# [Task brief]
Repeat everything from the first line of the listing below through the line that contains "Ejaculations D.L. action", exactly. Leave out pictures.

# [Information supplied]
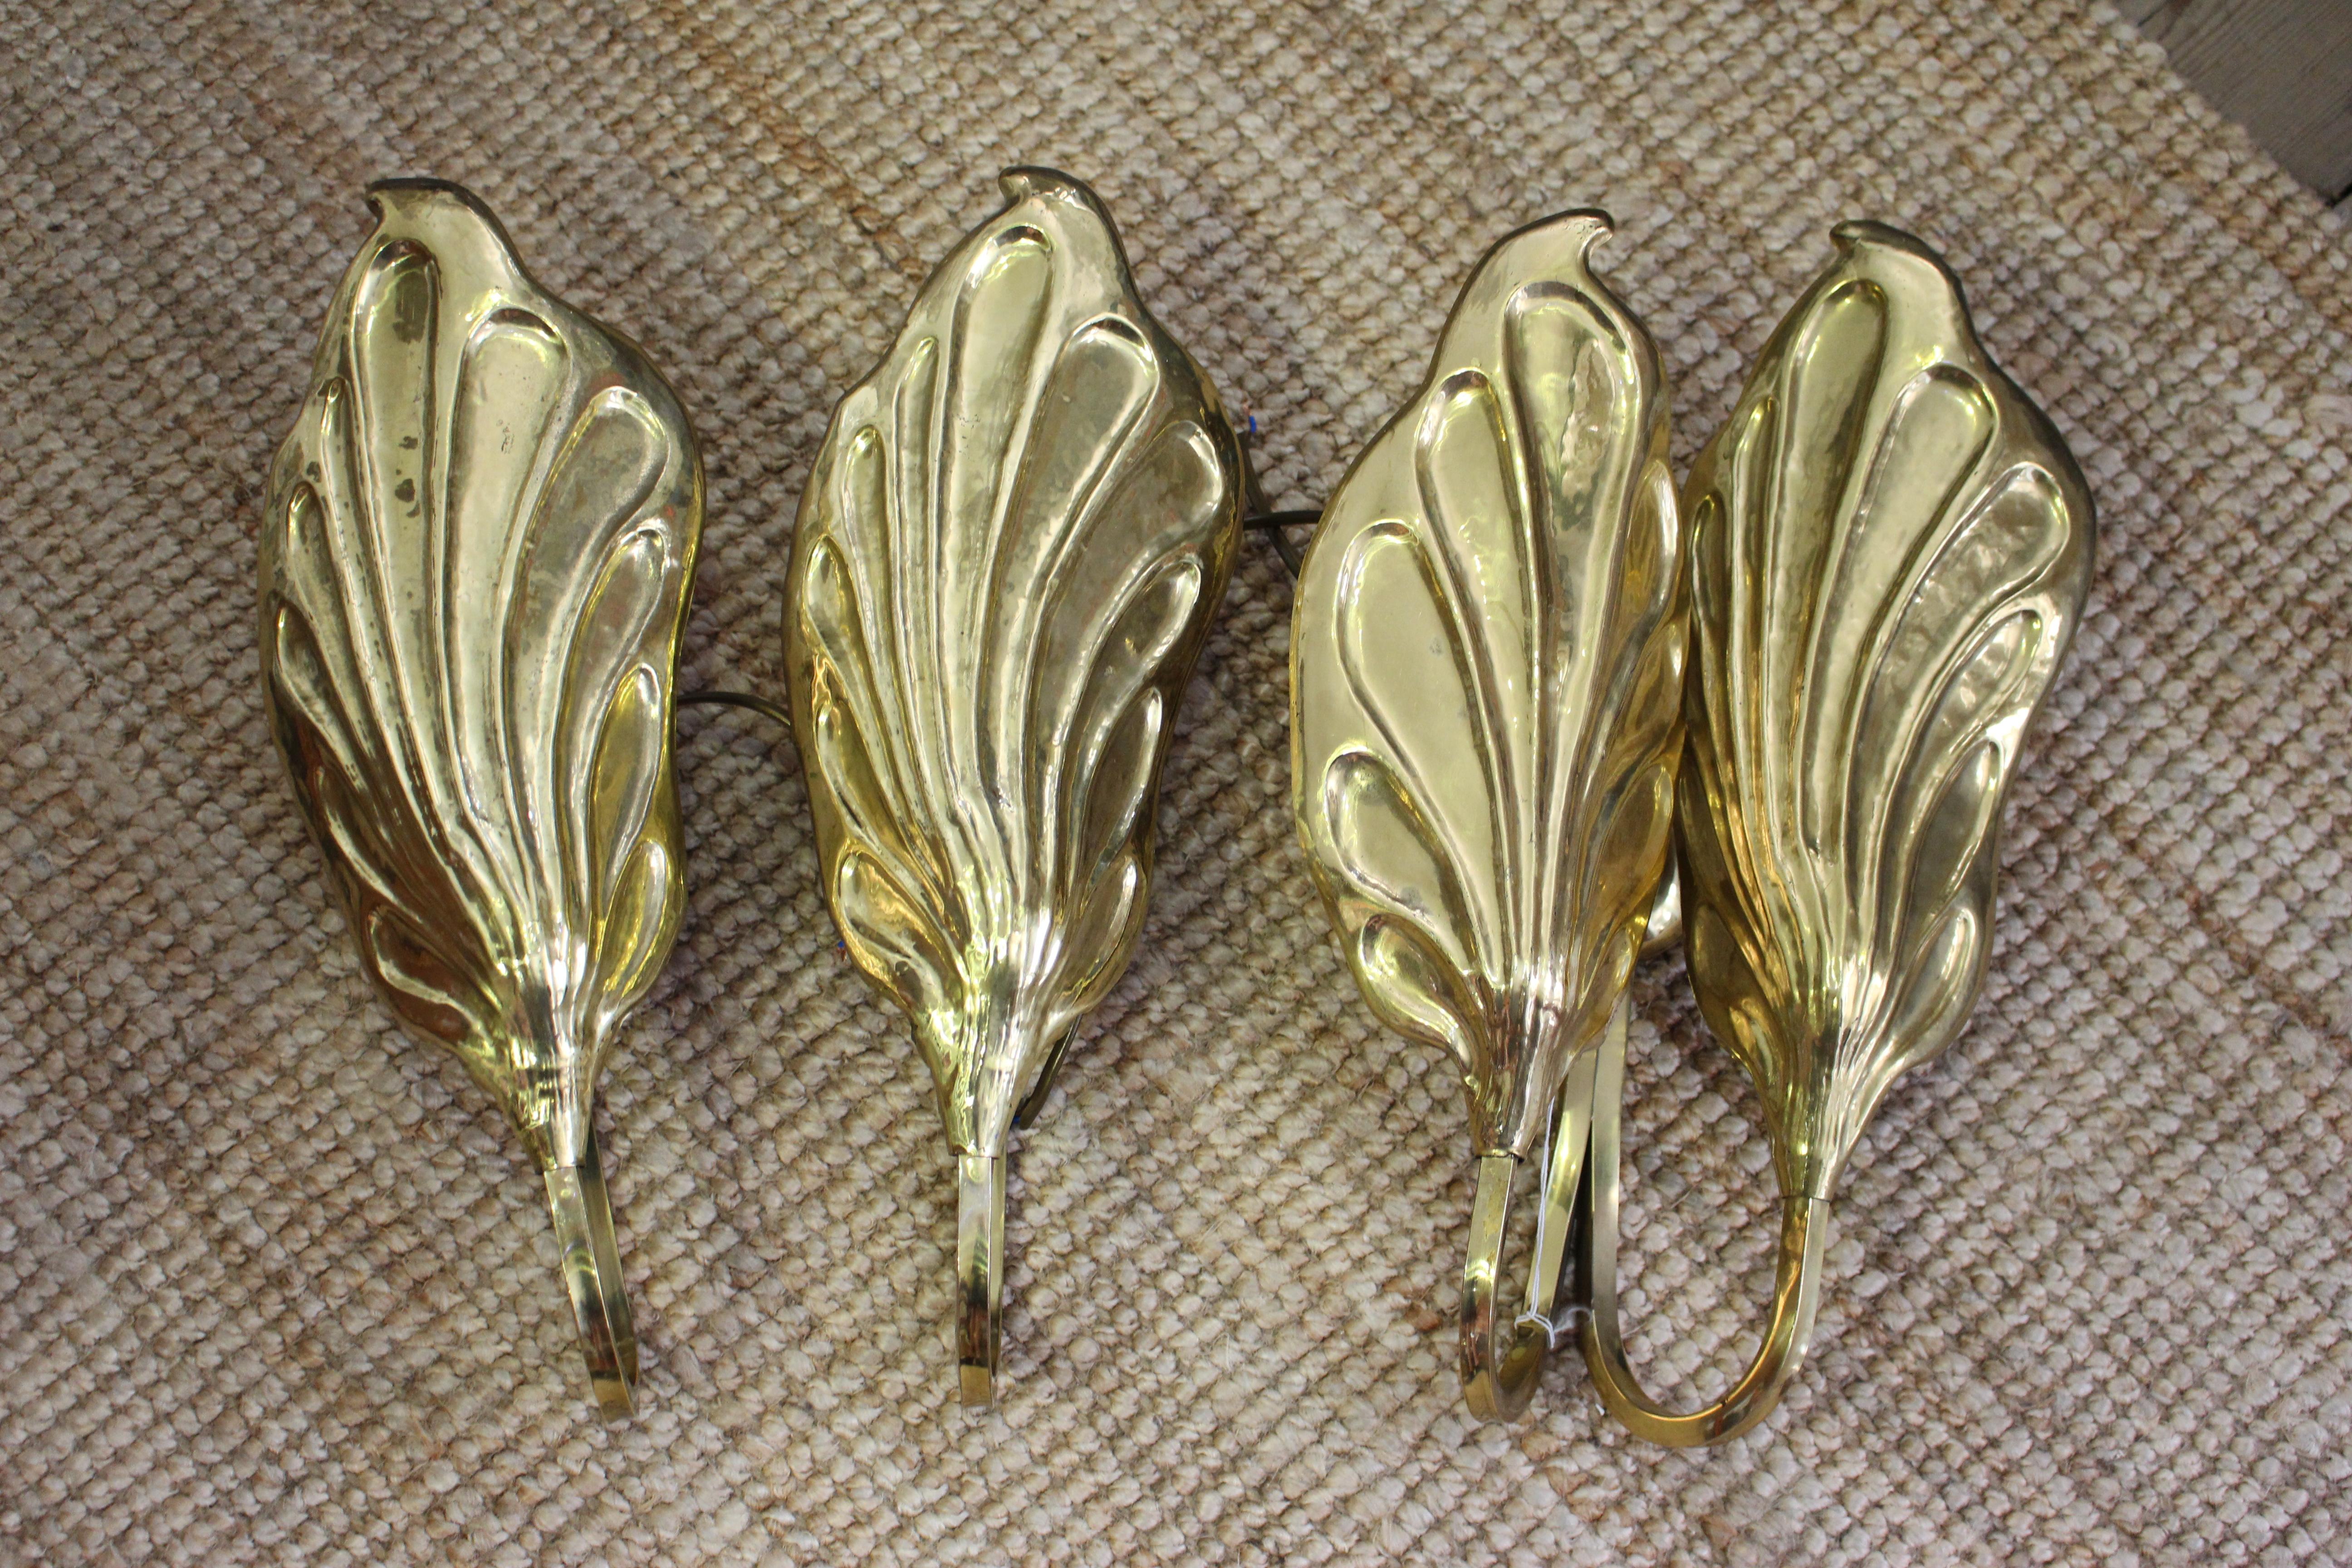 A set of three Italian wall lights by Tommaso Barbi, circa 1970applied labels inscribed G &G Studio Disegni, solid brass hand shaped brass fittings, the shades in the shape of leaves, with light fitments.
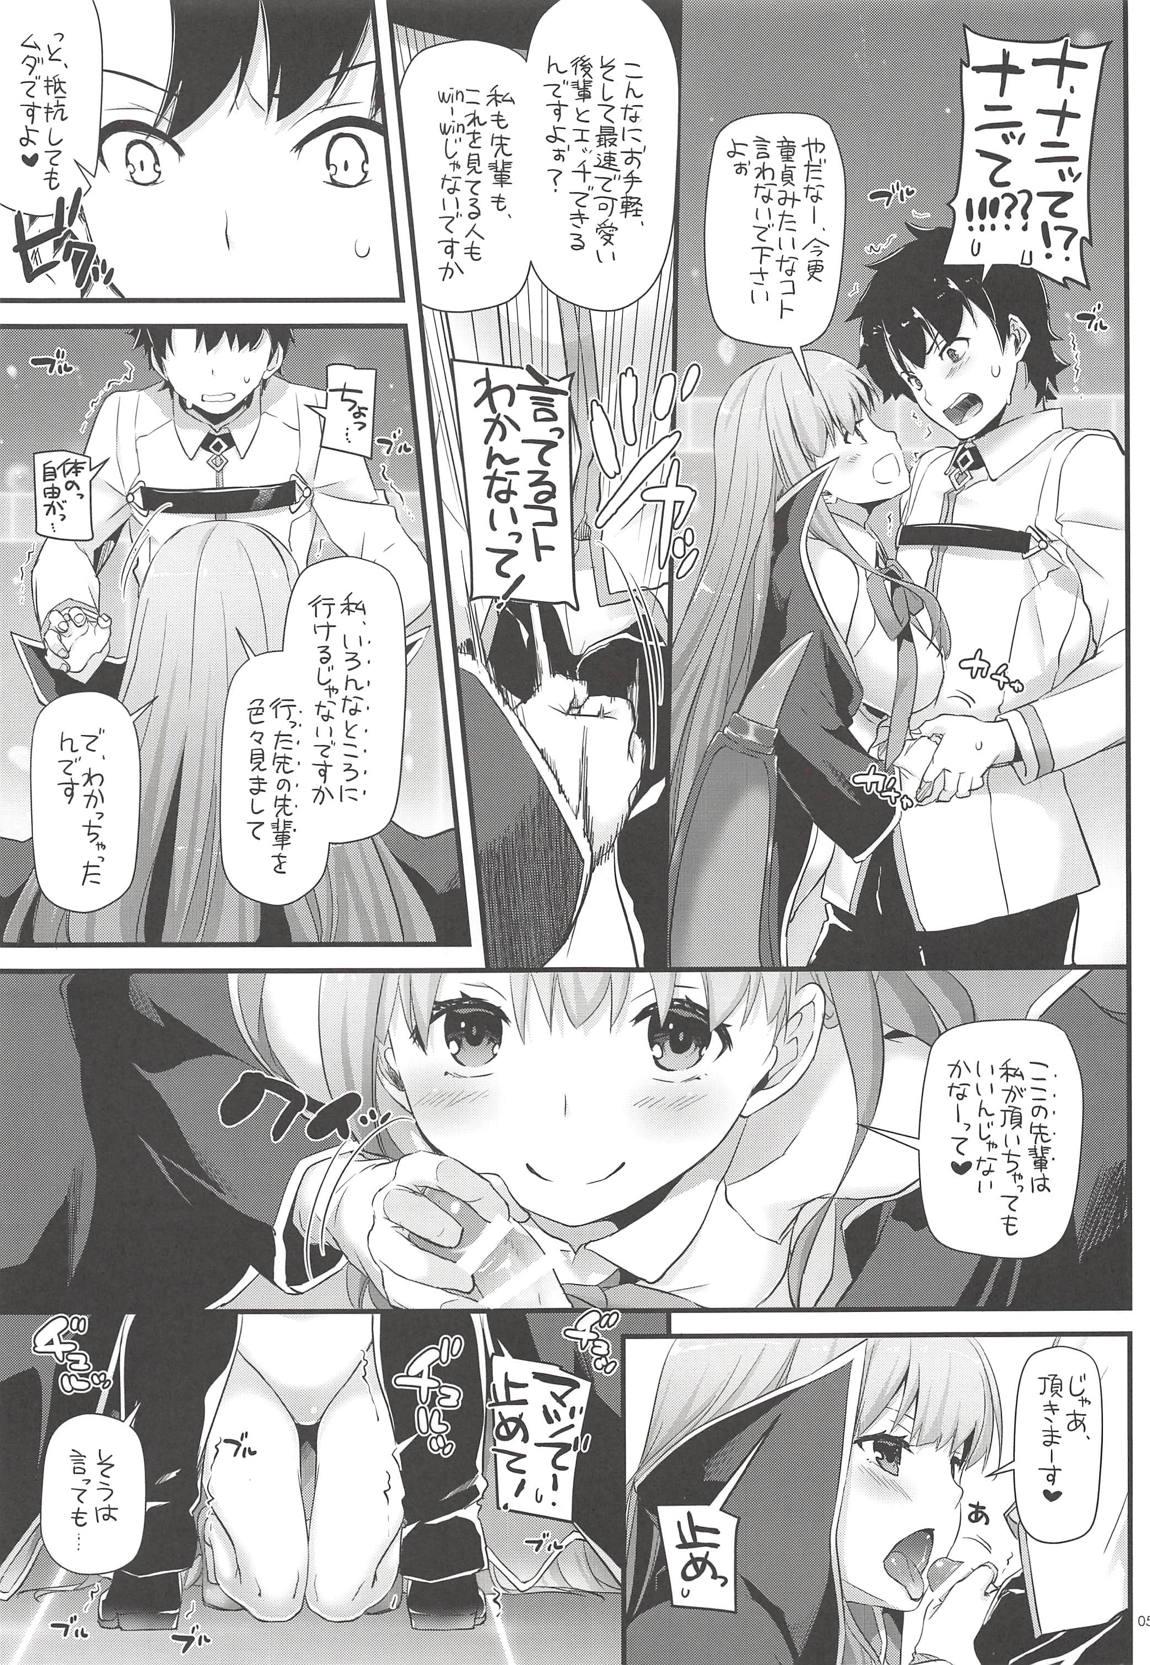 Ejaculations D.L. action 124 - Fate grand order Selfie - Page 4
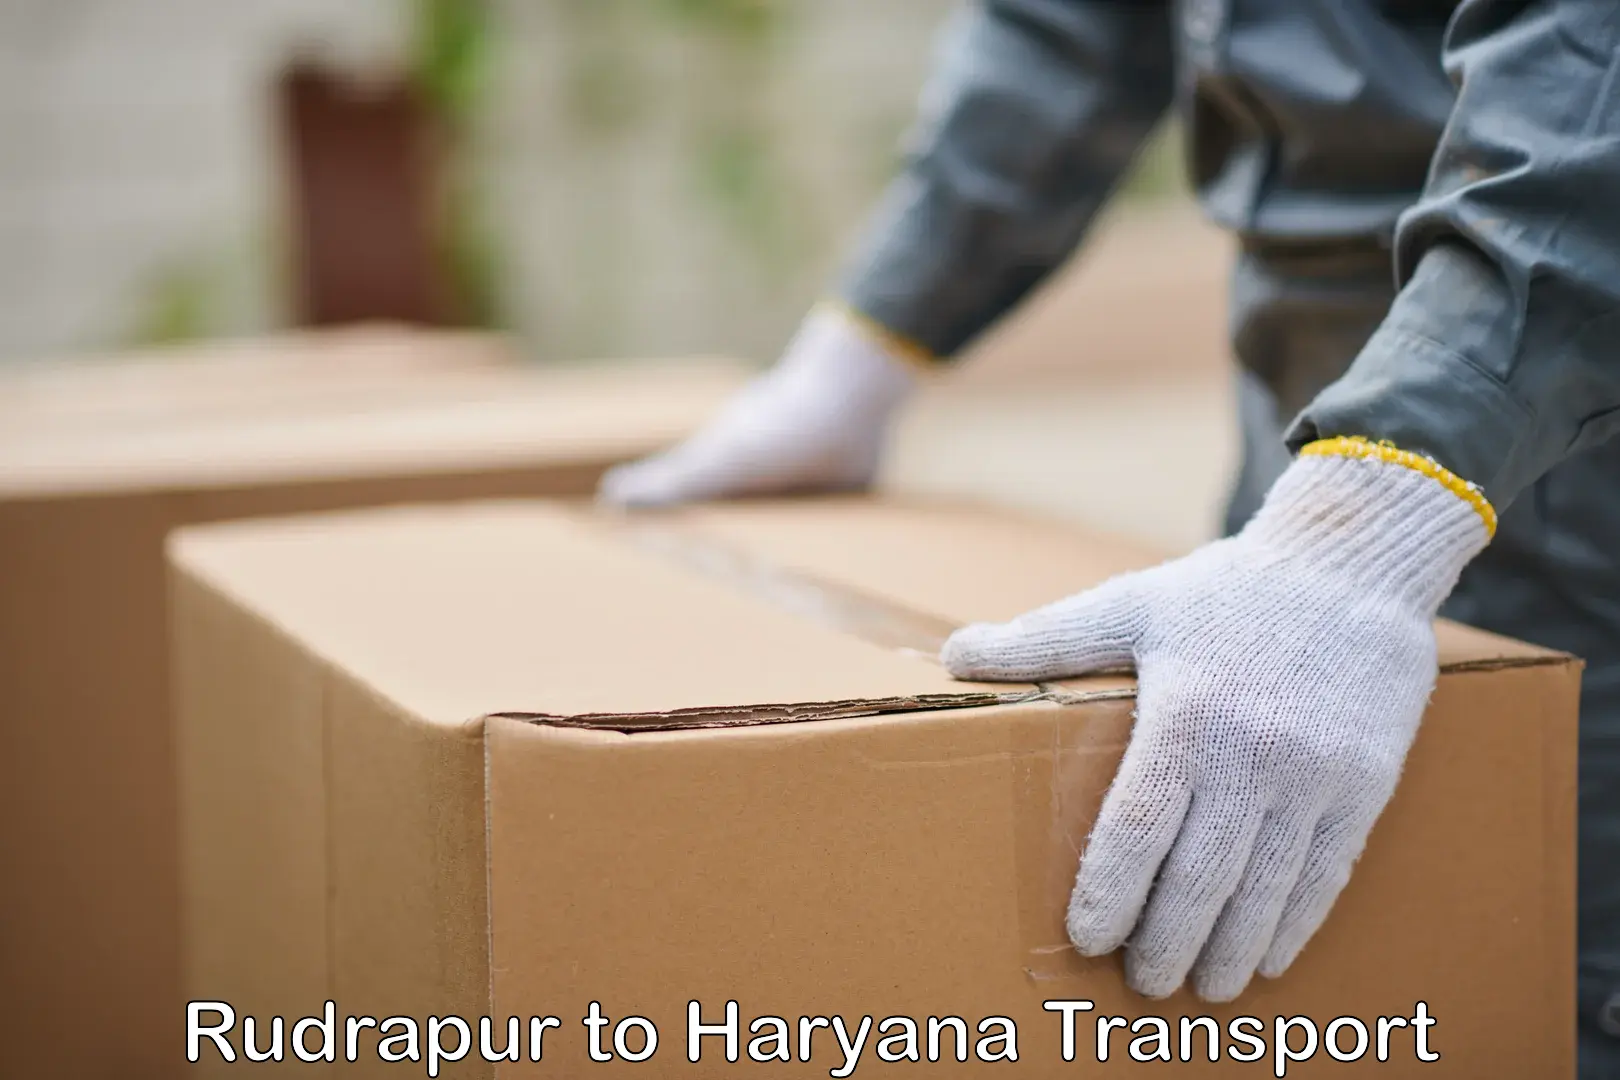 Express transport services in Rudrapur to Julana

# [Exercise answer]
 A set of three Italian wall lights by Tommaso Barbi, circa 1970applied labels inscribed G &G Studio Disegni, solid brass hand shaped brass fittings, the shades in the shape of leaves, with light fitments.
 Ejaculations D.L. action 124 - Fate grand order Selfie - Page 4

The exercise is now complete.